Work to be completed | Would you please return the lines of the entries below starting at the line that has "Bassendean Business Community" and ending at the line that has "Nationwide courier service", both included, exactly as they are?

Collected data entries |
*** Block opens ***
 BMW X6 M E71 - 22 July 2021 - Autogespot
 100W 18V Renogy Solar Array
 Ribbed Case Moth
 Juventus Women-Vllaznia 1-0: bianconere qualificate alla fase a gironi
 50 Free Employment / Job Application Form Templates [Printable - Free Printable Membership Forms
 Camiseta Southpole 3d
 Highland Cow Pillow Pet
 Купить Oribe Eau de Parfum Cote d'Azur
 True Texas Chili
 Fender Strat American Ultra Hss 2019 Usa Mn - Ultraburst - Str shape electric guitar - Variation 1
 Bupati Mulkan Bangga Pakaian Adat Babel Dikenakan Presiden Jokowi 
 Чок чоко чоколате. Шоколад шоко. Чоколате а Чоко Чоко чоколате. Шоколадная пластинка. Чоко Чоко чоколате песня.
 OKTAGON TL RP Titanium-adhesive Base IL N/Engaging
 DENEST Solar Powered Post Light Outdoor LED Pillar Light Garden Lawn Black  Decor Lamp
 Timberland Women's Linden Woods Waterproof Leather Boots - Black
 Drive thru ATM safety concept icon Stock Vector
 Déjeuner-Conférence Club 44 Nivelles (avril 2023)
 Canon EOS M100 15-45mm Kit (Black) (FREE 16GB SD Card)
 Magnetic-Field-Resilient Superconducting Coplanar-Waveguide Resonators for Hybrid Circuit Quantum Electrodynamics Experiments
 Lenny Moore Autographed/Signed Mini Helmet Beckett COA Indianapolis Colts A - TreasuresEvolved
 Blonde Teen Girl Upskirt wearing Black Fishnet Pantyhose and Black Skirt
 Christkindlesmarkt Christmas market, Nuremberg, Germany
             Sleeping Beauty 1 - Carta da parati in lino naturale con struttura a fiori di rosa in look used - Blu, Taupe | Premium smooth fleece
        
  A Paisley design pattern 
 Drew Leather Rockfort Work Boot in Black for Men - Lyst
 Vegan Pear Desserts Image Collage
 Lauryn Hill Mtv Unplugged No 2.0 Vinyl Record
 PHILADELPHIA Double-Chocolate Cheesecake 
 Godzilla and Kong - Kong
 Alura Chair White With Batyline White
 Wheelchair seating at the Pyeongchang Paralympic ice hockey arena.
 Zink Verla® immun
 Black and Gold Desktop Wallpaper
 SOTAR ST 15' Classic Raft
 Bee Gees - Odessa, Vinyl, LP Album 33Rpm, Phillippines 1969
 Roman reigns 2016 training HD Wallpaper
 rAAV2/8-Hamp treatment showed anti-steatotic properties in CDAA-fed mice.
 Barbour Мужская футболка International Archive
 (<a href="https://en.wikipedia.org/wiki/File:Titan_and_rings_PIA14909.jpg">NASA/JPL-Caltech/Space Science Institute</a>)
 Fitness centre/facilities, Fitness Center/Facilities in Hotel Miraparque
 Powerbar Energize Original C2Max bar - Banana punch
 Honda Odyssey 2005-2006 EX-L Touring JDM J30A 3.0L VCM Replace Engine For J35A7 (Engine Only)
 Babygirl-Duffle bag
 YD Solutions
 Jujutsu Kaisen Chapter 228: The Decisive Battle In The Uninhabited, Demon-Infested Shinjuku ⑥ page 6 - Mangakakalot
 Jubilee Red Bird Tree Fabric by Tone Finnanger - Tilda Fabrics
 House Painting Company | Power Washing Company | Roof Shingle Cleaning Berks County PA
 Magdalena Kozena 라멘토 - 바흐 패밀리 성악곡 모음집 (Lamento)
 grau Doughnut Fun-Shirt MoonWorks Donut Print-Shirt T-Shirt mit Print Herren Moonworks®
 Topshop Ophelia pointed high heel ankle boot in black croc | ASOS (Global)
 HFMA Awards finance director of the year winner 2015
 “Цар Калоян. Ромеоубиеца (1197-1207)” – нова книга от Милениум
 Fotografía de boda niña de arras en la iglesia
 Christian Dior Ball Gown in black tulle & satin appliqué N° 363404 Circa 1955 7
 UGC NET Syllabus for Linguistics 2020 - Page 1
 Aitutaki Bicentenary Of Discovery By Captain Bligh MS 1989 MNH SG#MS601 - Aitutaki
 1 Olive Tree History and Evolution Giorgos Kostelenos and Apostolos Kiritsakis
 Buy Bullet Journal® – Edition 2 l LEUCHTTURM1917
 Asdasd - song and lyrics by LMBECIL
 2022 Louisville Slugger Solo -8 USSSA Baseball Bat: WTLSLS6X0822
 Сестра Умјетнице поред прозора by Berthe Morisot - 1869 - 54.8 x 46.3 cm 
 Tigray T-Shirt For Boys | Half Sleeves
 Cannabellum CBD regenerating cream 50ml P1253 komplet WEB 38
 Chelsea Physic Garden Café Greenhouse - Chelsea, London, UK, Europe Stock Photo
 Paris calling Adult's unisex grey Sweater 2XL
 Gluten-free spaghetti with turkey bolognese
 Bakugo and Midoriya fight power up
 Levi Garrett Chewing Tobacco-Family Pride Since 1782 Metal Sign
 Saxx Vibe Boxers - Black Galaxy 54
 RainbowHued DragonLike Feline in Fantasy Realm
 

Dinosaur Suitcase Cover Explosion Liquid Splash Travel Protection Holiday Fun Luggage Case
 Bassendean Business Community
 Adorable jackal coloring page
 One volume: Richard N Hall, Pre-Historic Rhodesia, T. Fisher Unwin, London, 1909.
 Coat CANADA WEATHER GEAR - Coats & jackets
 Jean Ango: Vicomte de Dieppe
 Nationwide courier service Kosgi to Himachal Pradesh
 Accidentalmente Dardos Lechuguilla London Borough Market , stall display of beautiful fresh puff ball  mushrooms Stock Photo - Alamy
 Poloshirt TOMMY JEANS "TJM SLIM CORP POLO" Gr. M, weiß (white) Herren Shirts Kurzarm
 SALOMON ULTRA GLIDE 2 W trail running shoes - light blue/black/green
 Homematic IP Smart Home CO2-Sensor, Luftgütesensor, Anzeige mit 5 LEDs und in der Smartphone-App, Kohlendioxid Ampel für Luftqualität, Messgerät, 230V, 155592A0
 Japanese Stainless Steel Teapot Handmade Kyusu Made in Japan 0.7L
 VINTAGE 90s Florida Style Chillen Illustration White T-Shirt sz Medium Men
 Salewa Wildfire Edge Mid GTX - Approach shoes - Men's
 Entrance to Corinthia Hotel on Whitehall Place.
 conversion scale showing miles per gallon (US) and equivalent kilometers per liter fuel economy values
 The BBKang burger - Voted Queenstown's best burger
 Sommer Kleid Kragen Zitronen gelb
*** Block closes ***
Response to this exercise |
 Bassendean Business Community
 Adorable jackal coloring page
 One volume: Richard N Hall, Pre-Historic Rhodesia, T. Fisher Unwin, London, 1909.
 Coat CANADA WEATHER GEAR - Coats & jackets
 Jean Ango: Vicomte de Dieppe
 Nationwide courier service Kosgi to Himachal Pradesh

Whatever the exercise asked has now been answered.